Knowledge Discovery:
Mining and Searching Data

Synopsis of the Data Mining and Search Session
at the workshop on
The Interface of Three Areas of Computer Science with the Mathematical Sciences



Return to workshop homepage.


In this synopsis, we summarize the presentations and the discussion of open problems.

THE NATURE OF DATA MINING AND SEARCH

The World-Wide Web (the Web) is a remarkable source of information, and this session, moderated by Dianne O'Leary (University of Maryland), focussed on gathering information from it, validating that information, and using the information to draw conclusions and make predictions.

The term ``data mining" is quite old. Jon Kleinberg (Cornell University) noted that up to 1992, it occurred mostly in the statistics literature and mostly in a pejorative context. Today, however, it refers to retrieving useful information from multiple sources, often on the Web, and making useful inferences from it.

There are a remarkable number of approaches to designing search engines for the Web. Google, for example, uses a link analysis technique related to the principle of hubs-and-authorities. Examining the directed graph formed by links between Web pages, if we can identify a tightly-linked bipartite subgraph, then pages with high in-degree are denoted as authorities, since they are cited by many other pages, while those with high out-degree are hubs, or reference sites for specialized subject areas. The identification can be done automatically though the eigenvectors of the Laplacian of the graph. In contrast, search engines such as Alta Vista characterize pages by a series of keywords that are weighted by factors such as frequency and size of type, and then matched to a user's query, perhaps using techniques such as latent semantic indexing and low-rank approximations to matrices. The Alexa search engine uses the recent history of users' Web browsing to tailor query responses. And engines like Yahoo rely on humans to search the Web and create a directed acyclic graph taxonomy for the pages.
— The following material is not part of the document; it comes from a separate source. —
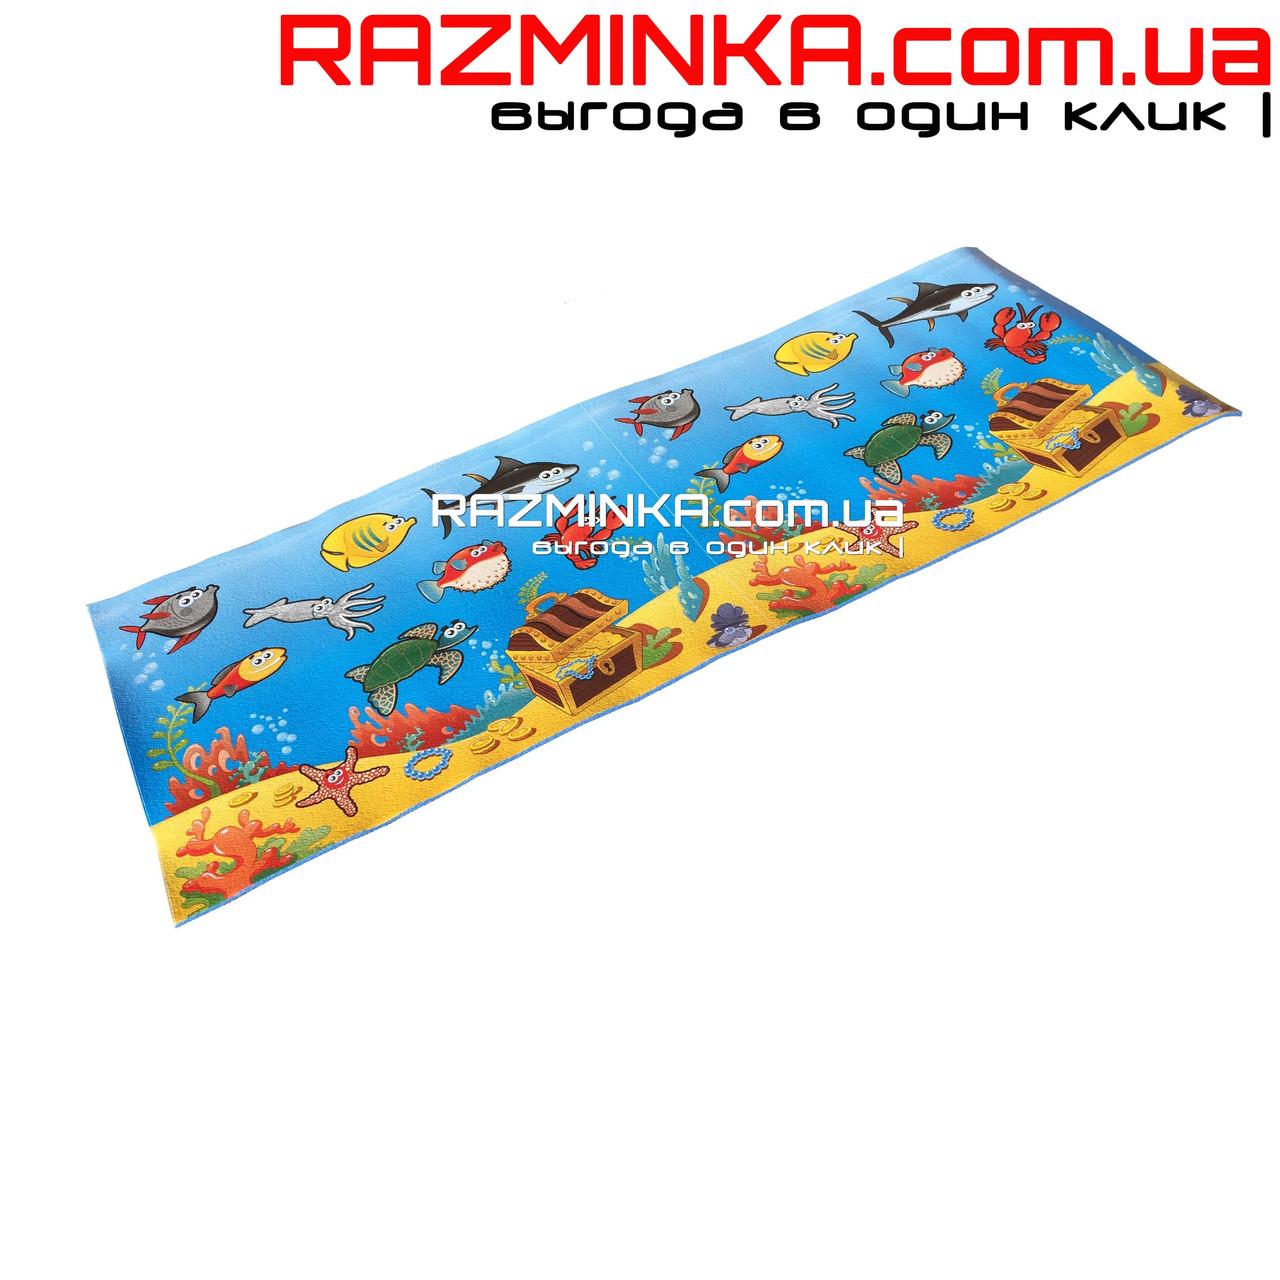 Детский игровой коврик Морское дно 135х50cм, толщина 5мм

The challenge is to develop a new level of capability in automated search and mining. For example, instead of merely being able to retrieve Web pages that concern the safety records of automobiles, we would like to be able to satisfy requests such as, "Compile a report with all available information on the safety of the 1998 Ford Taurus." This requires the ability to retrieve information stored in tables or sentences on various Web pages, judge its relevance and reliability, and present the results in an easily-understood document.

Clearly mathematics, especially graph theory, statistics, and linear algebra, have already played critical roles in data mining and searching, and this session explored the current state and future opportunities for interactions.

PROBLEMS IN DATA MINING

Chid Apte (IBM) discussed extracting "actionable insights" from data. He reminded the participants that data is not ordinarily presented with ease of mining in mind. For instance, some time series data may be raw data, while others have been ``back-fitted," revised in the light of supplementary data. This makes the use of statistical methods particularly difficult because of the hidden correlations.
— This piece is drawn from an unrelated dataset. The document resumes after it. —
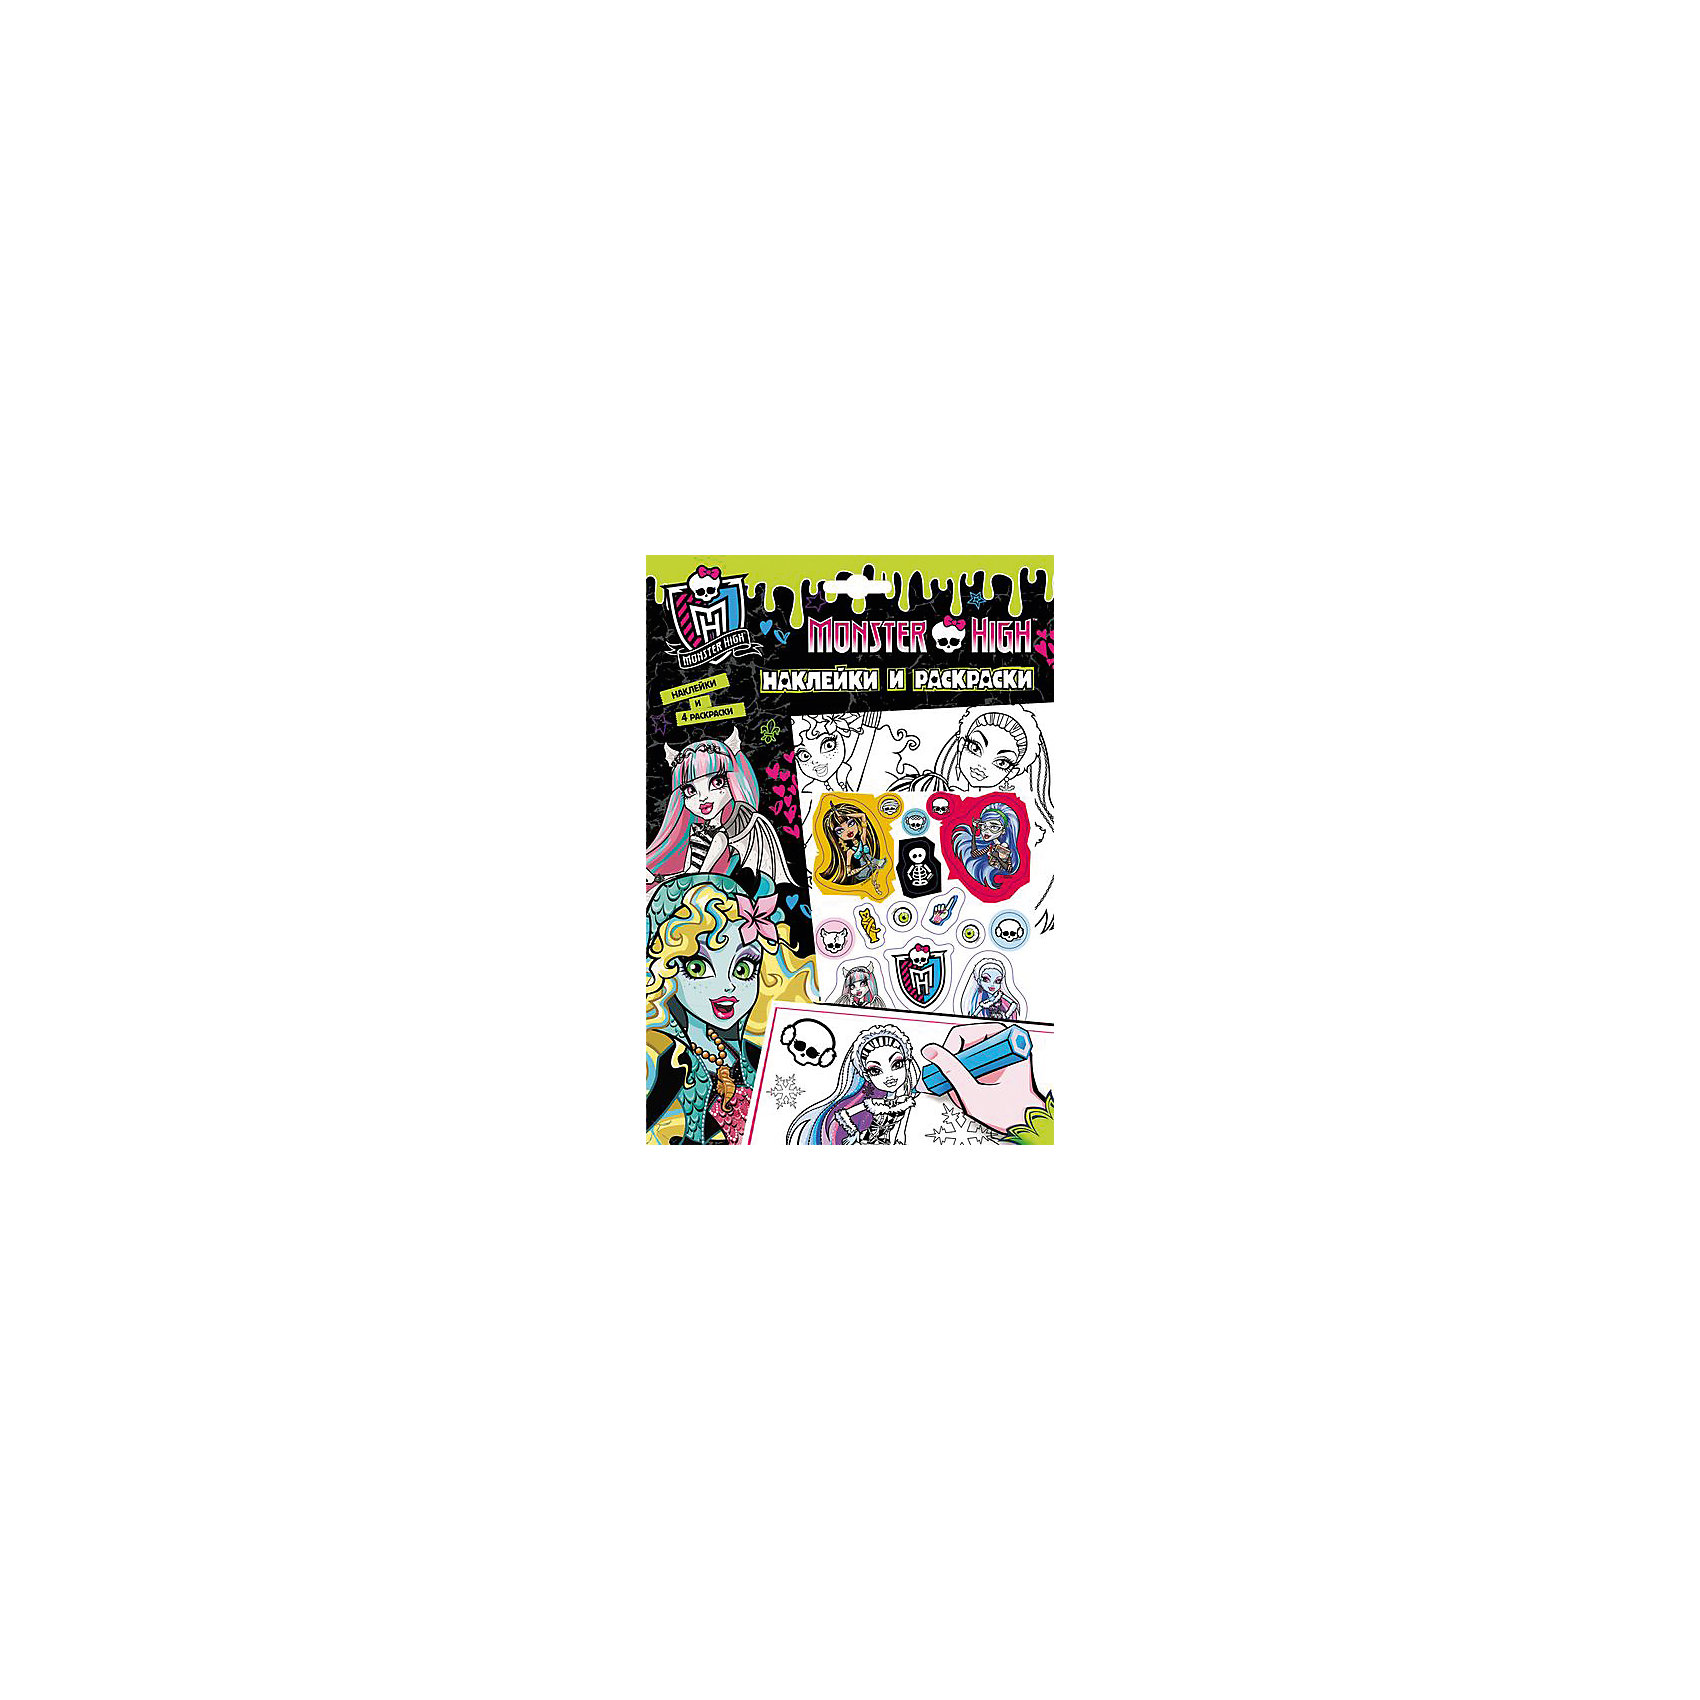 Росмэн Наклейки и раскраски (зеленая), Monster High росмэн наклейки 2 monster high

Problem 1: How can we verify the integrity of data gathered from multiple sources? In particular, we need to distinguish signal from noise.

Problem 2: Are there automated methods to select the best data transformations, dropping to an appropriate subspace? In other words, how can we identify important features and search for alternate models within the space in order to find a near-optimal one?

Problem 3: Problem 3: Can we extract from data robust models that are simultaneously comprehensible to end-users?

Apte predicts that breakthroughs will come though interdisciplinary approaches, drawing from expertise in statistics, machine learning, and data management. In addition, results from computational learning theory, human-computer interaction, understanding of high dimensional systems, visualization, and optimization involving variational problems will be essential.

ENHANCING THE POWER OF AUTOMATED KNOWLEDGE DISCOVERY

Raul Valdes-Perez (Carnegie Mellon) focussed on the problems of knowledge discovery, gathering and analyzing data in order to determine underlying rules and defining properties.

He demonstrated some current technology and presented several challenges. The current capabilities of discovery are quite limited: we cannot easily extract information from multiple sources with multiple formats and reason about it. In addition, the presentation of results to users is quite primitive, for example, as a decision tree or a cluster diagram.

Problem 4: Enlarge the range of automated discovery: for instance, form conjectures or predictions.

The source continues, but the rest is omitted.